Real estate investment funds encompass a variety of approaches and strategies designed to meet the needs and preferences of investors. Some of these types include:

Real estate investment trusts (REITs)

These funds invest in shares of publicly traded real estate companies. REITs offer a liquid way to invest in the real estate sector, as they are traded on stock exchanges. 

Direct real estate investment funds

These funds acquire and manage real estate properties directly, such as office buildings, apartments, shopping centers, or industrial properties. Investors in these funds own a proportional share of the underlying properties and generate income through rent and potential sales.

Real estate development funds

These funds focus on financing the development of new real estate projects.
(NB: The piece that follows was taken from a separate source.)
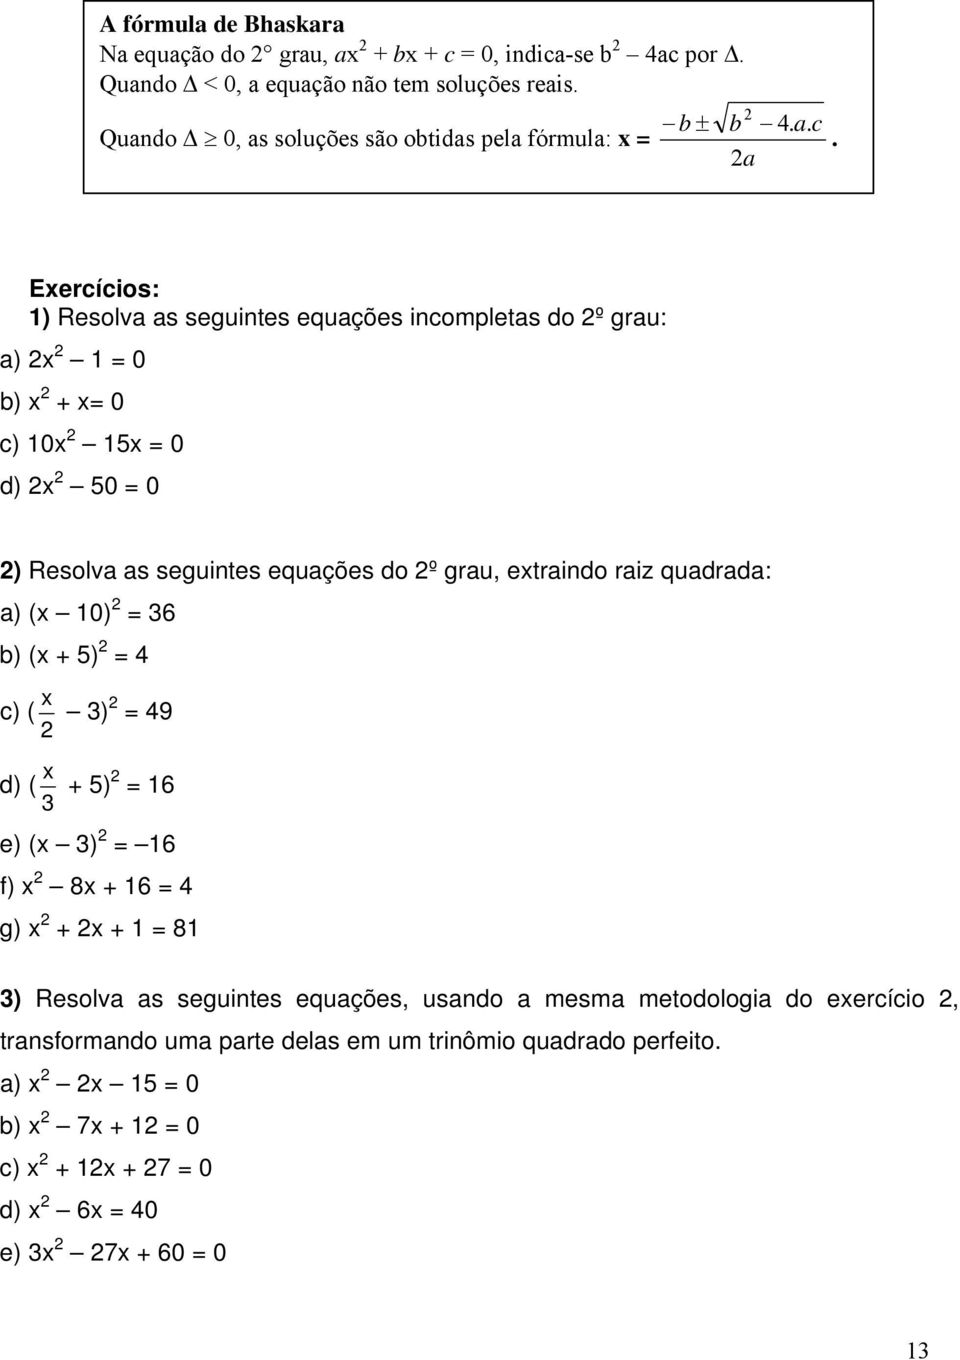 Eercícios: ) Resolv s seguintes equções incomplets do º gru: ) = 0 ) + = 0 c) 0 5 = 0 d) 50 = 0 ) Resolv s seguintes equções do º gru, etrindo

They invest in land acquisition, building construction, and property development. Profits are generated as the project is completed and the units are sold or leased.

Real estate debt funds

In this category, investors invest in real estate-backed loans rather than purchasing properties directly. Investors receive income from the interest paid by borrowers.

Real estate venture capital funds

These funds focus on more speculative or higher-risk investments, such as investing in emerging markets. Investors in these funds seek high-return opportunities, but they are also exposed to greater risks.

Global or international funds: Global funds invest in real estate across different countries or regions of the world, offering investors the opportunity to diversify their portfolios internationally. This feature helps mitigate the risk associated with geographic concentration.

Sector-specific funds

Some funds specialize in a particular sector of the real estate market, such as the healthcare sector (investments in hospitals and clinics), industrial real estate (warehouses and factories), or commercial real estate (shopping centers and offices). This segmentation makes it easier to understand the market in which they operate.

Characteristics of a real estate investment fund

REITs are financial instruments that allow investors to gain exposure to the real estate market in a diversified manner, without having to purchase properties directly. This is just one of their many features; the others include:

•As mentioned earlier, they typically have a diversified portfolio of assets, which may include commercial, residential, and industrial properties, land, and more.

•Access to a variety of real estate investments that might otherwise be out of reach for investors with limited capital. This includes large-scale projects, such as shopping centers or major real estate developments.

•They are managed by professionals with experience in the real estate market. 

•They typically have limited liquidity compared to stocks or bonds. 

•The rental income generated by the properties in the portfolio is distributed periodically to investors in the form of dividends. 

•Regular reports should be prepared detailing the fund’s performance, assets under management, income generated, and other relevant information. Transparency is essential.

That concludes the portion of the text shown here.